This post is part of a series [1], [2], [3], [4], [5]

Based on my earlier tests I felt confident that I could expand the size of the dataset to my intended extent. So I grabbed 12-digit HUCS for the entire United States. I was confident this would crush spatialite and finally make the response time for my question extend to close to 1 second. But just in case it didn’t, I would make my question harder at the same time.

While I’m playing with these queries I need a reference guide. Of course the starting point is the spatialite SQL guide found here http://www.gaia-gis.it/gaia-sins/spatialite-sql-3.0.0.html. But, while this is a nice list of functions, I need more help than it provides. Thankfully, spatialite shares many technical concepts with PostGIS (follows OGC, etc. SQL and data standards, and they both use the GEOS spatial library). So, I’ve been successfully poaching help from the PostGIS documentation (http://www.postgis.org/docs/ST_GeomFromText.html) … which is quite good and gives plenty of use examples.

So, getting back to the data, here is my new queryable data set.

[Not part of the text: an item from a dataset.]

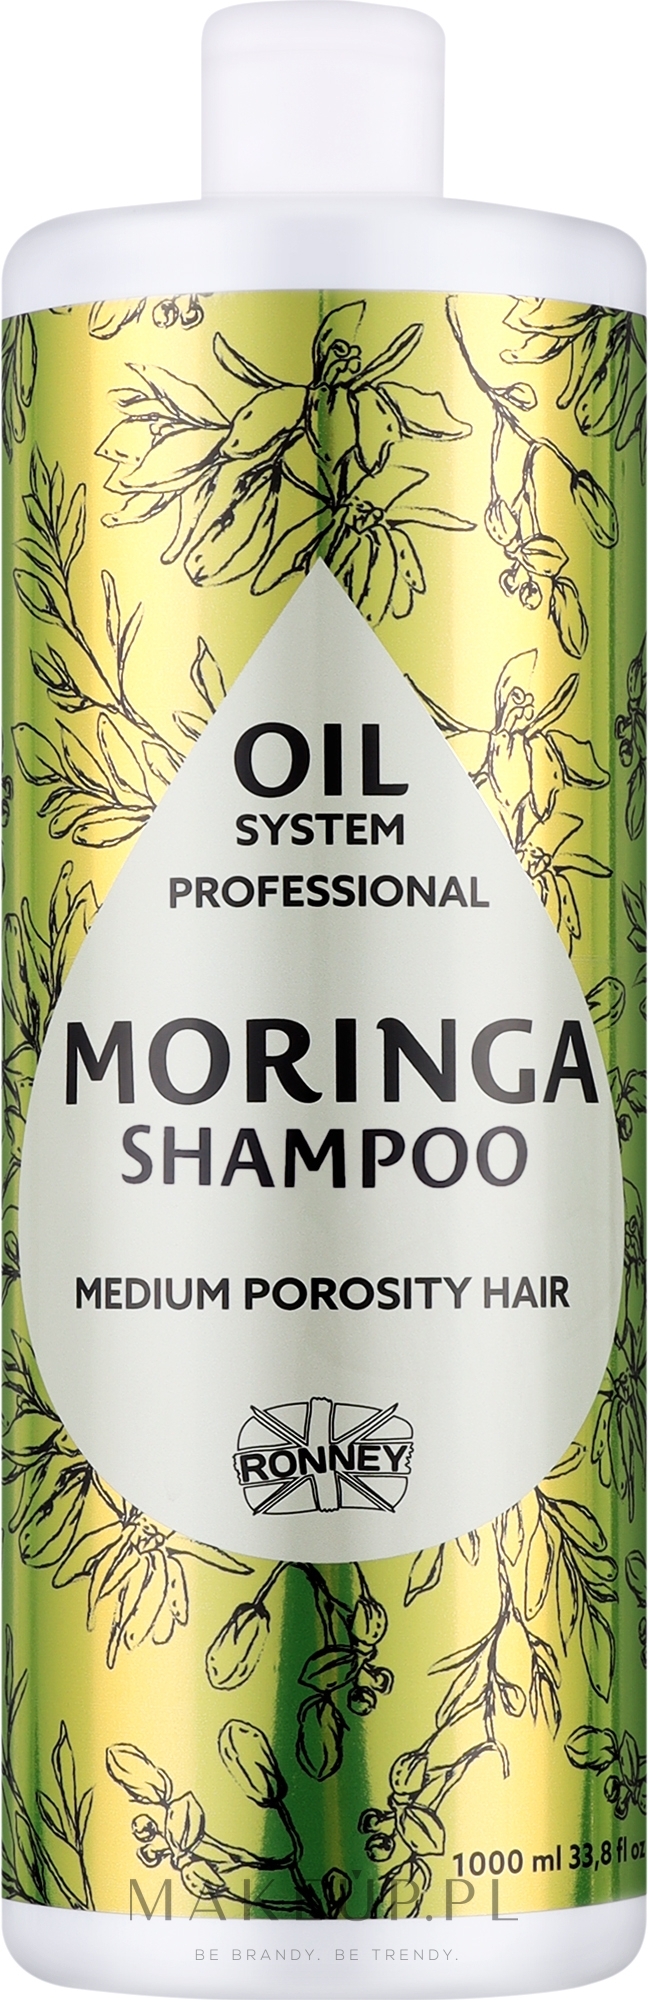 Szampon do włosów średnioporowatych z olejkiem moringa - Ronney Professional Oil System Medium Porosity Hair Moringa Shampoo — Zdjęcie 1000 ml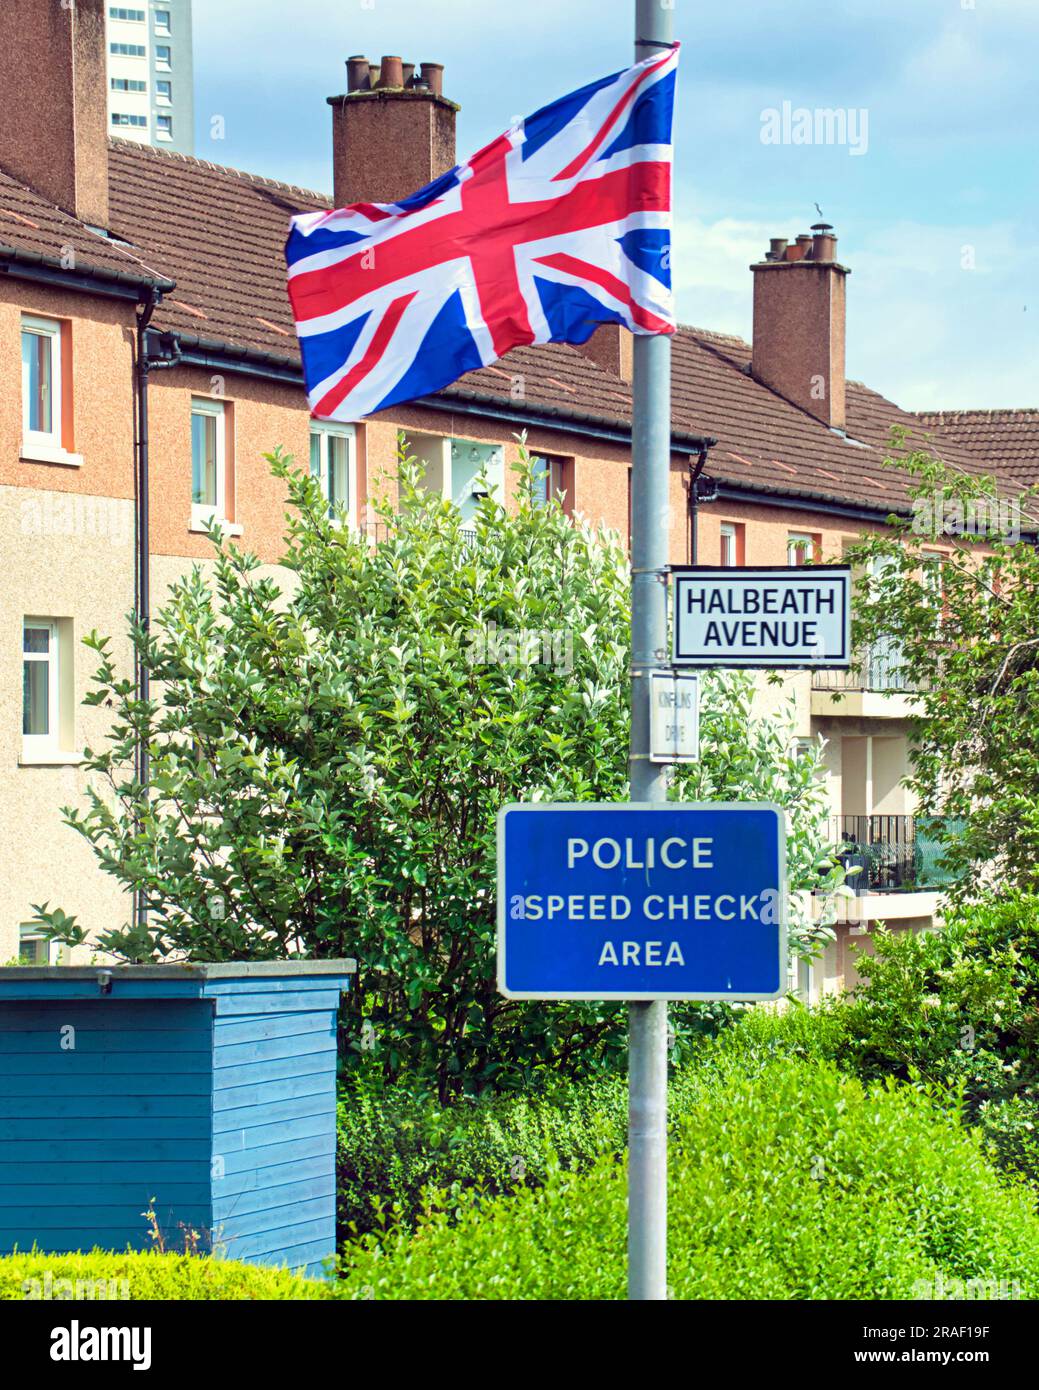 Polizeischnellprüfbereich der union Flag halbeath Avenue drumchapel Glasgow, Schottland, Vereinigtes Königreich Stockfoto

12-digit hydrologic units for the entire US

12-digit hydrologic units for the entire US

The pink blob on the right my new, harder question.. searching with not one pair of coordinates, but a bunch of pairs in the form of a pink polygon. Pink scares computers, so this should hurt it a little. It might also be scary that my database file representing the HUCs is now 1.9GB in size (lots of coordinates and the indexes to describes them).

Pink test polygon

Pink test polygon

Because I’m likely going to be using coordinate pairs passed in from some kind of Web application, I converted the polygon to well-known text using

--- 
SELECT ST_AsText(geom) from test_polys;

which of course gives us

select a geometry (polygon) as well-known text (wkt)

With the handy text string to describe my polygon given to me, I’m able to just copy and paste it into my text SQL. So let’s do that and the first query should really hurt because I’m not going to use an index. Note that I switched from Contains.. to Intersects since I want to detect anything that touches my pink poly.

--- 
select HU_12_NAME FROM huc12
WHERE ST_Intersects(Geometry, ST_GeomFromText('POLYGON((-70.286127 43.839038, 
-70.305482 43.823696, -70.30855 43.798912, -70.292028 43.773421, 
-70.243169 43.769644, -70.231367 43.774601, -70.193601 43.811186, 
-70.186048 43.836206, -70.264648 43.839274, -70.264648 43.839274, 
-70.274089 43.840218, -70.286127 43.839038))')) = 1

How did it do? Surprisingly well. 40 seconds give or take. Of course, that won’t work for my application, so I’m keeping my fingers crossed that the index rescues me.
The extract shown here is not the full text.